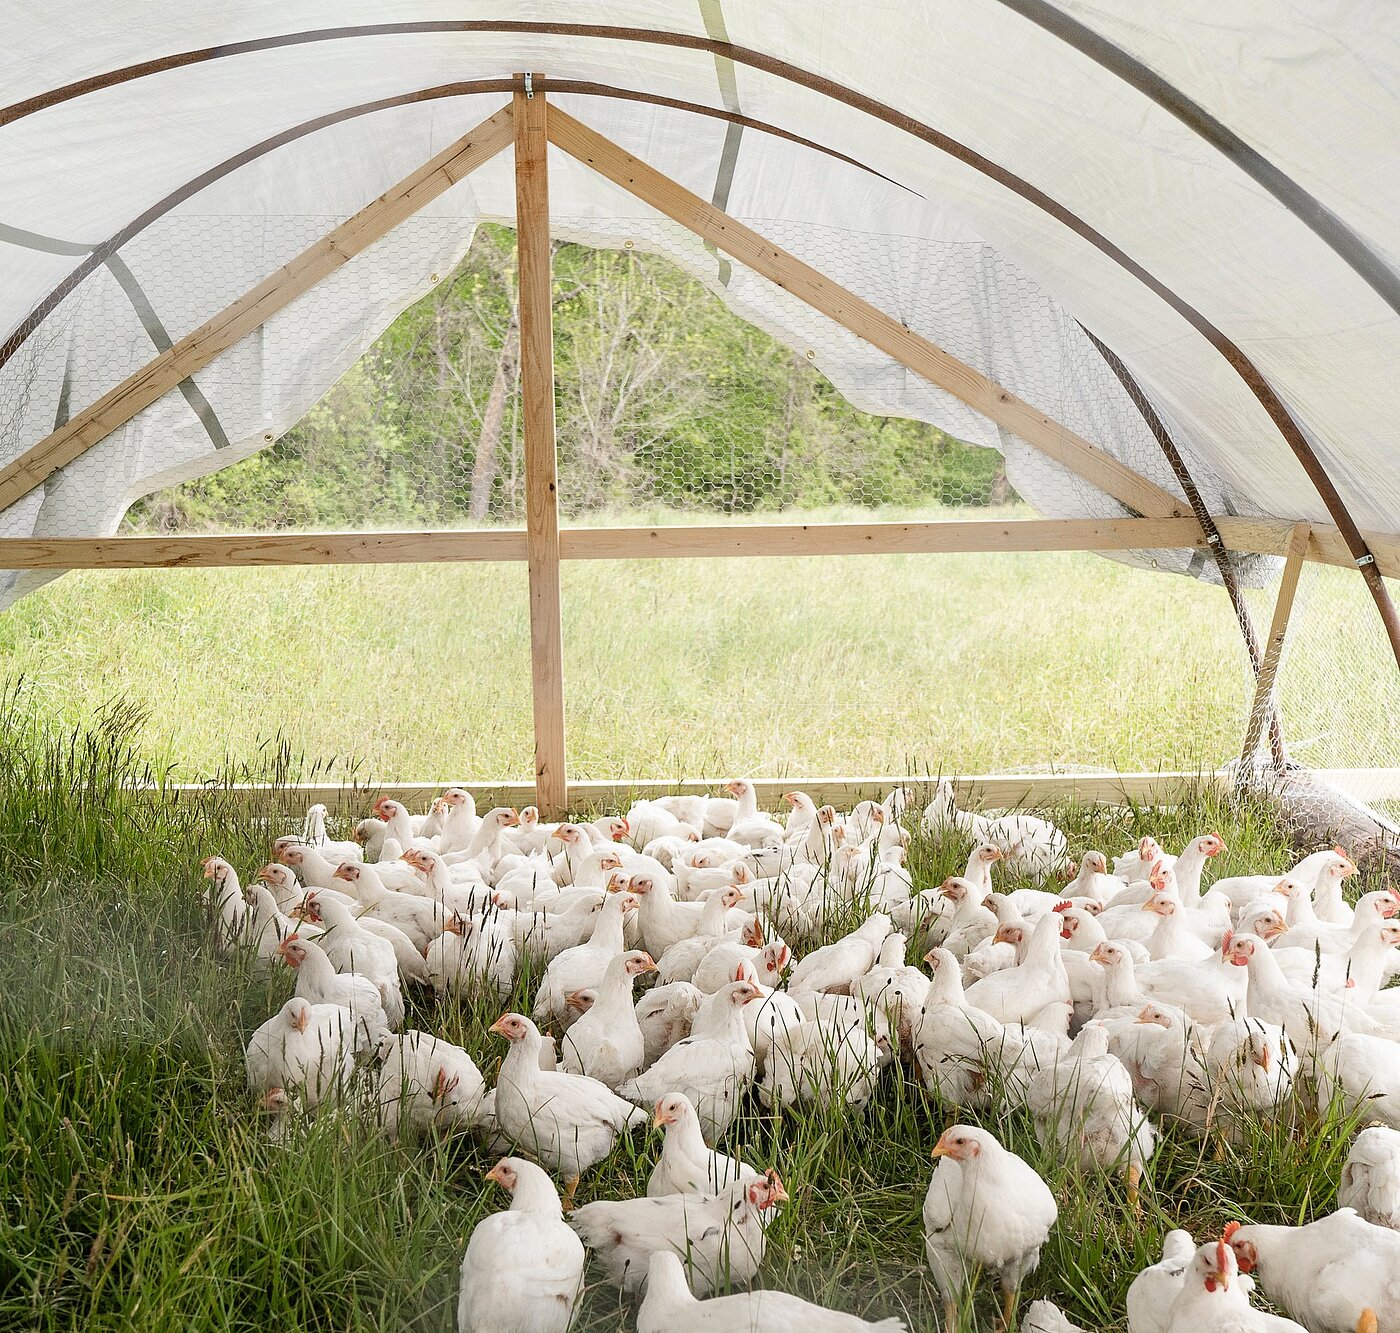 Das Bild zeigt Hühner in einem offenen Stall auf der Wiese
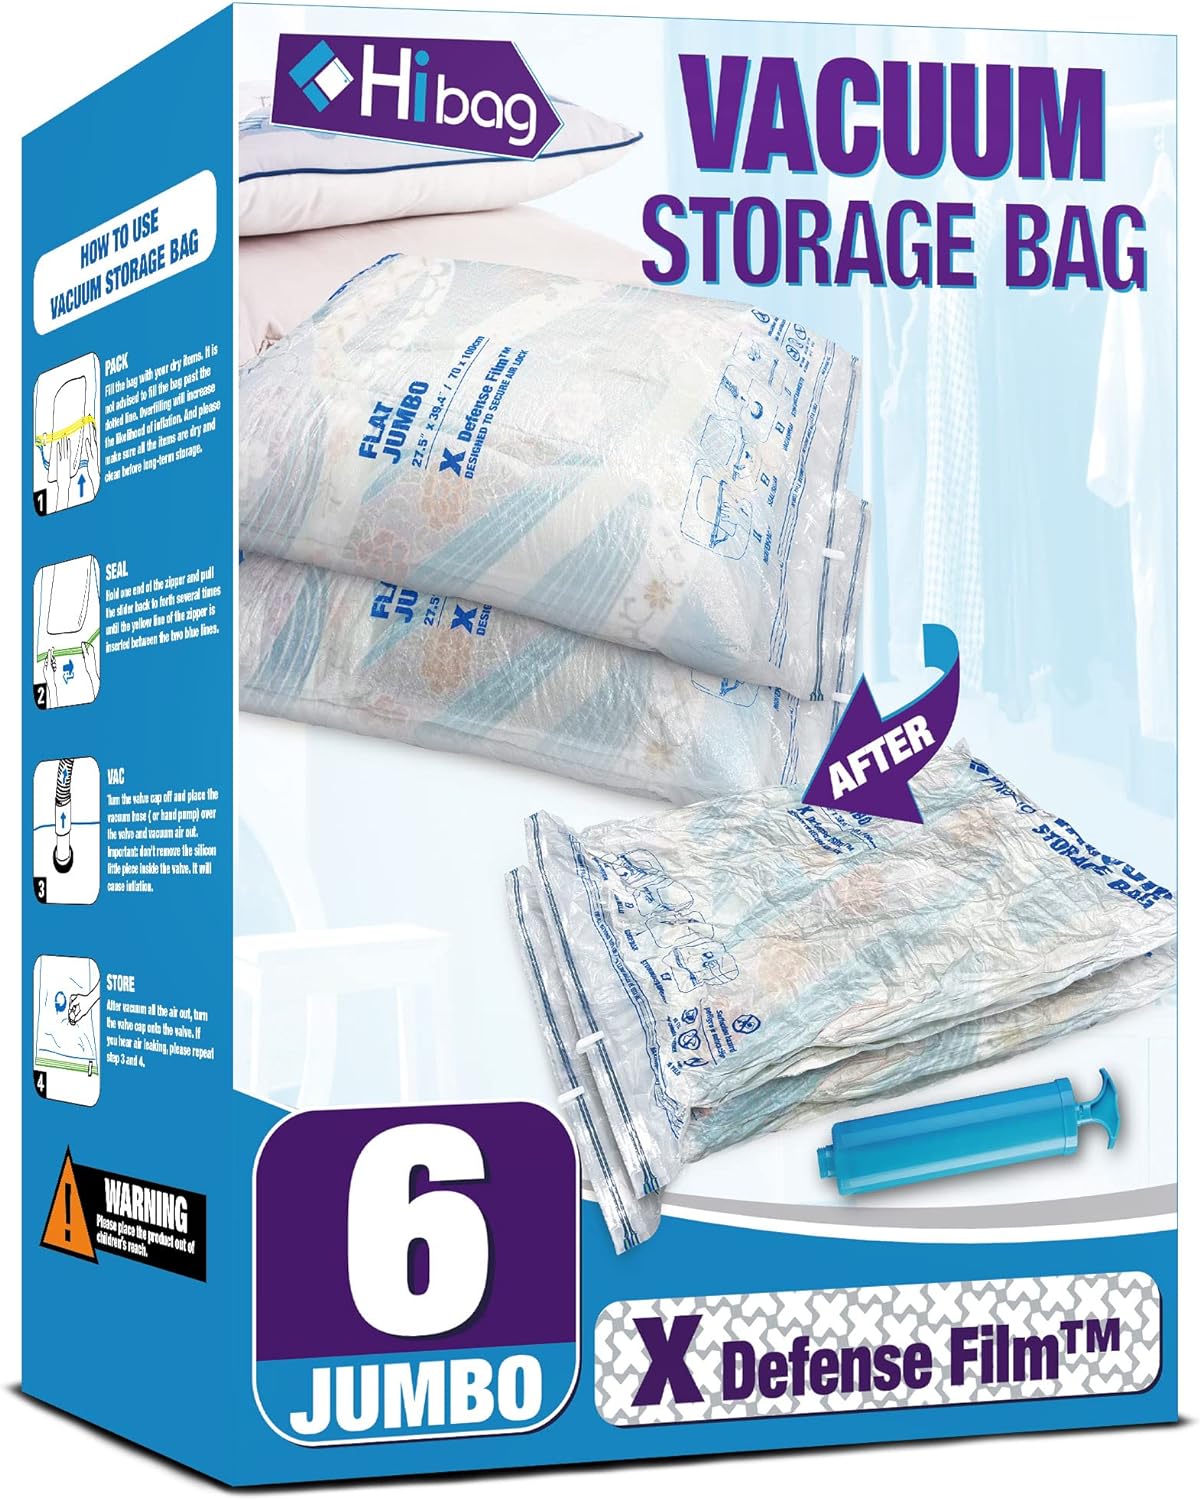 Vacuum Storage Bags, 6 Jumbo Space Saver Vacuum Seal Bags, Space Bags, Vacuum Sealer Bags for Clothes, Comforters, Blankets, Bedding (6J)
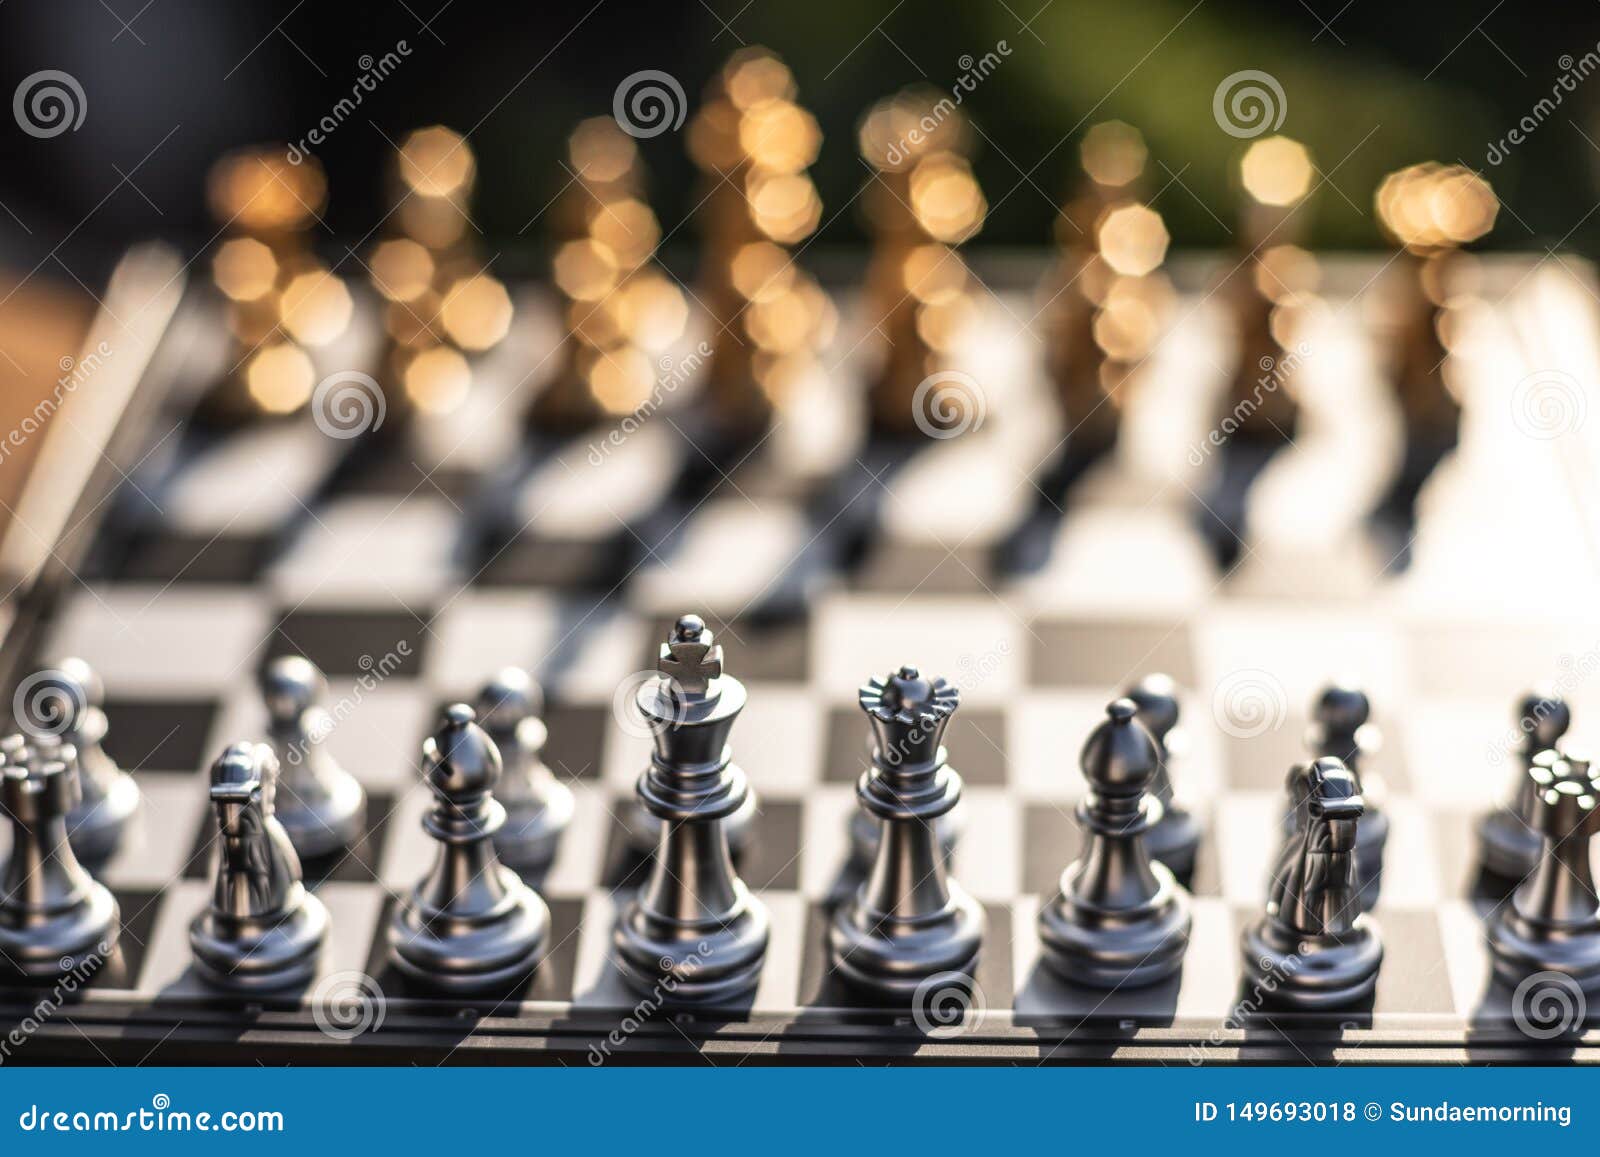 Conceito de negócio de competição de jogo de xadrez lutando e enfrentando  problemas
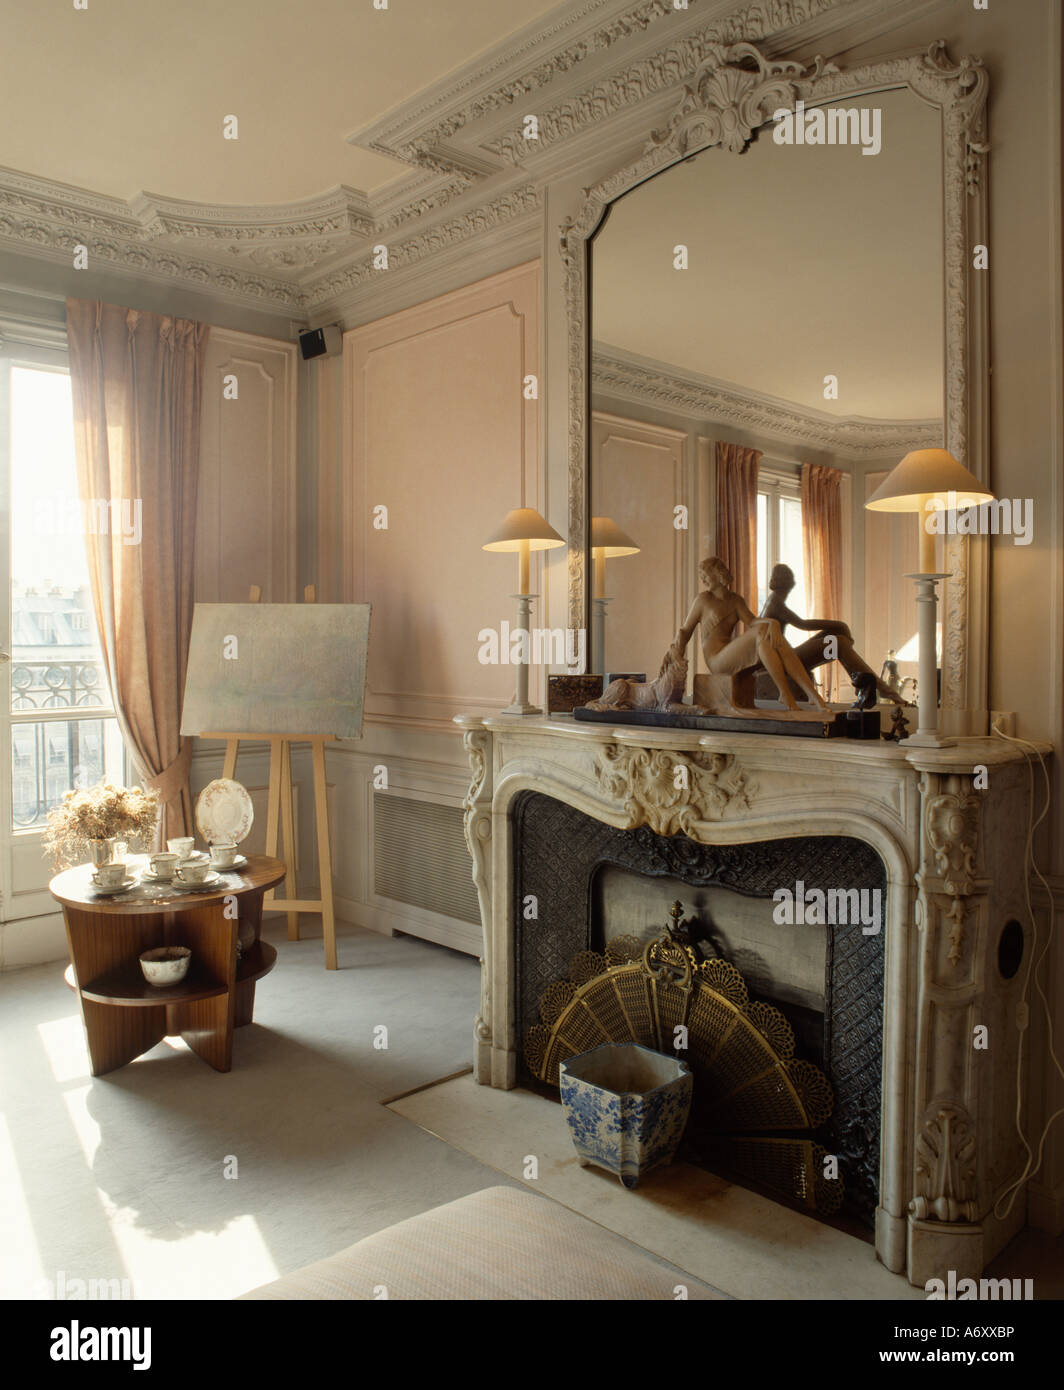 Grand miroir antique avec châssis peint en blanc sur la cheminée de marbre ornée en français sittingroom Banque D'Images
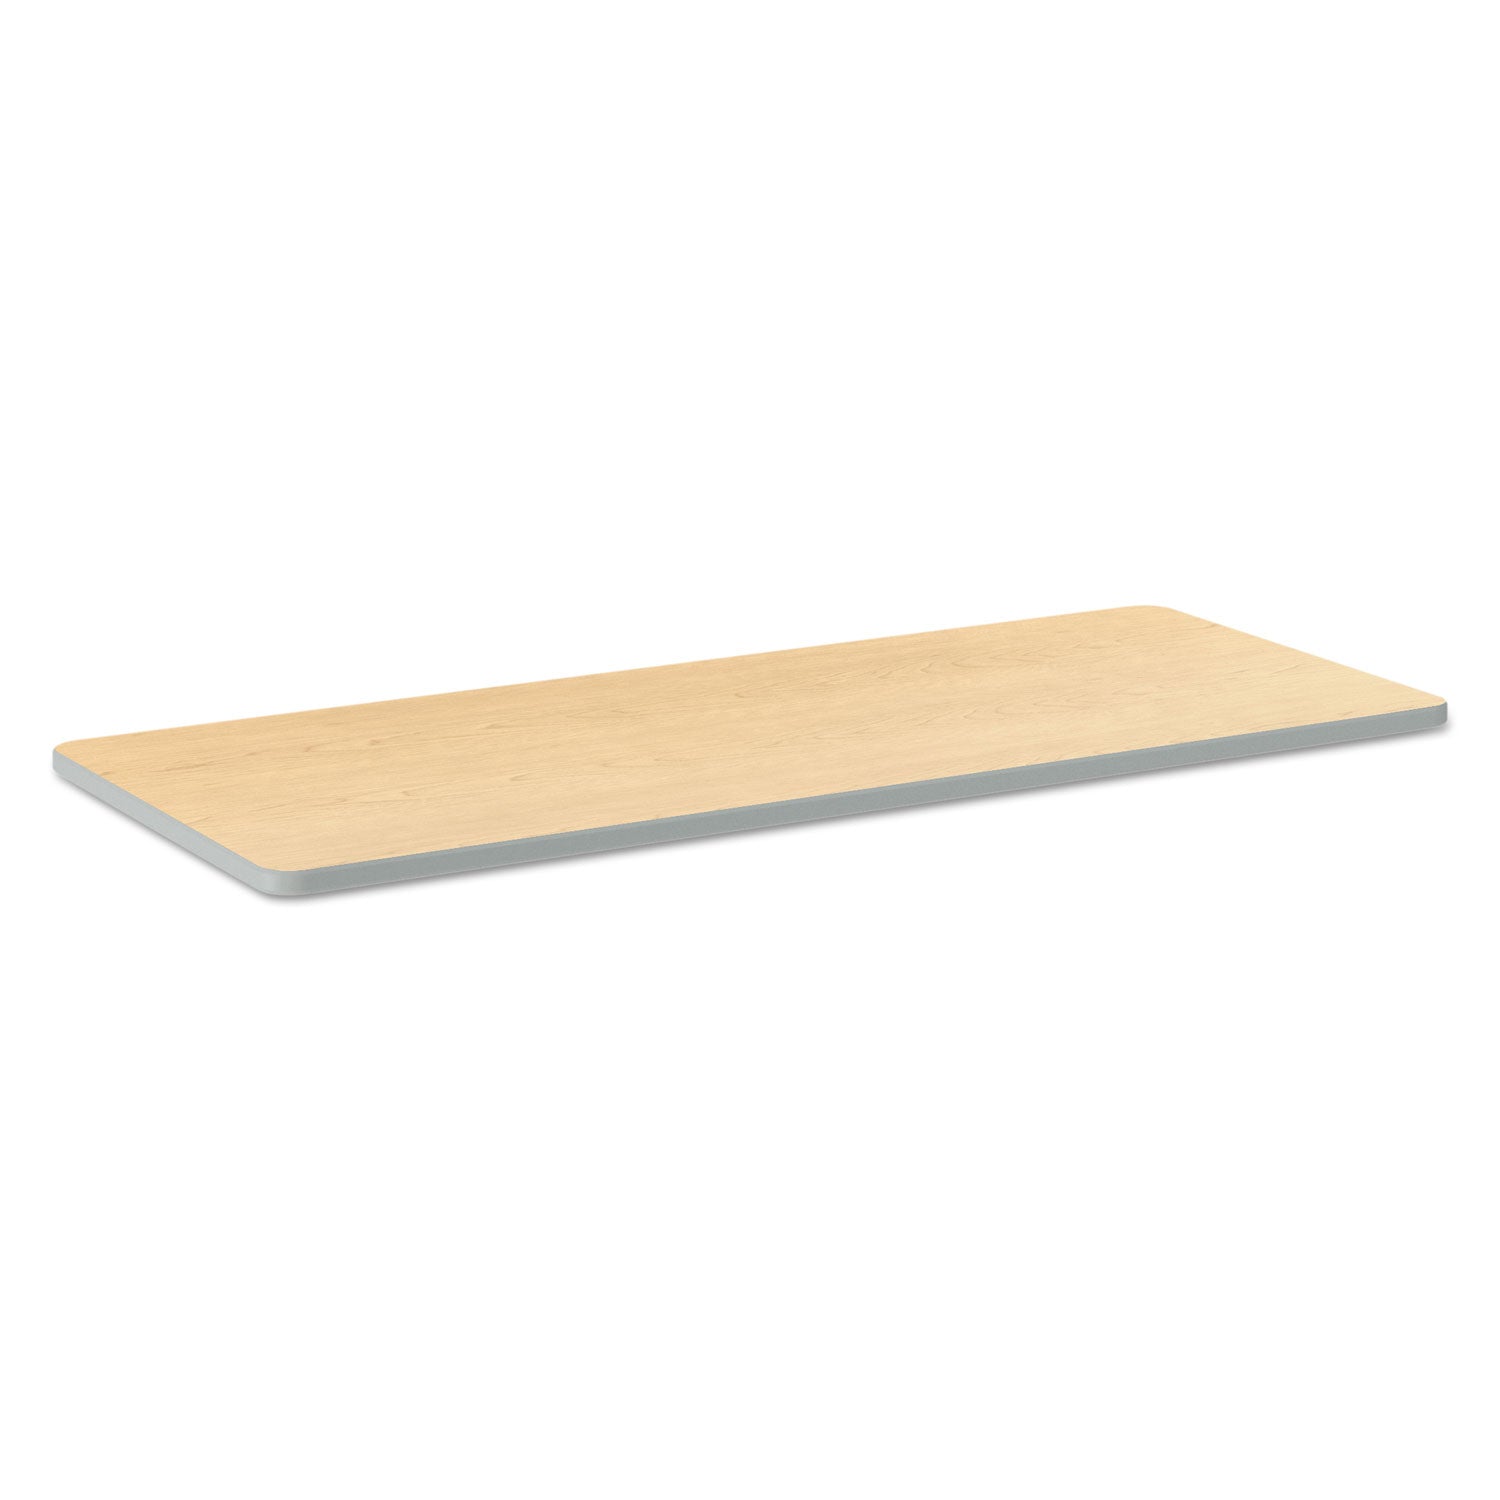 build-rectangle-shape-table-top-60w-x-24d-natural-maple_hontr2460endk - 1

What the task requires:
Word for word, please, restate the lines of the listing from the one holding "Vacuum Storage Bags, 6" down to the last line, leaving out any pictures.

Solution below:
 Vacuum Storage Bags, 6 Jumbo Space Saver Vacuum Seal Bags, Space Bags, Vacuum Sealer Bags for Clothes, Comforters, Blankets, Bedding (6J)
 Conceito de negócio de competição de jogo de xadrez lutando e enfrentando  problemas
 Grand miroir antique avec châssis peint en blanc sur la cheminée de marbre ornée en français sittingroom Banque D'Images
 build-rectangle-shape-table-top-60w-x-24d-natural-maple_hontr2460endk - 1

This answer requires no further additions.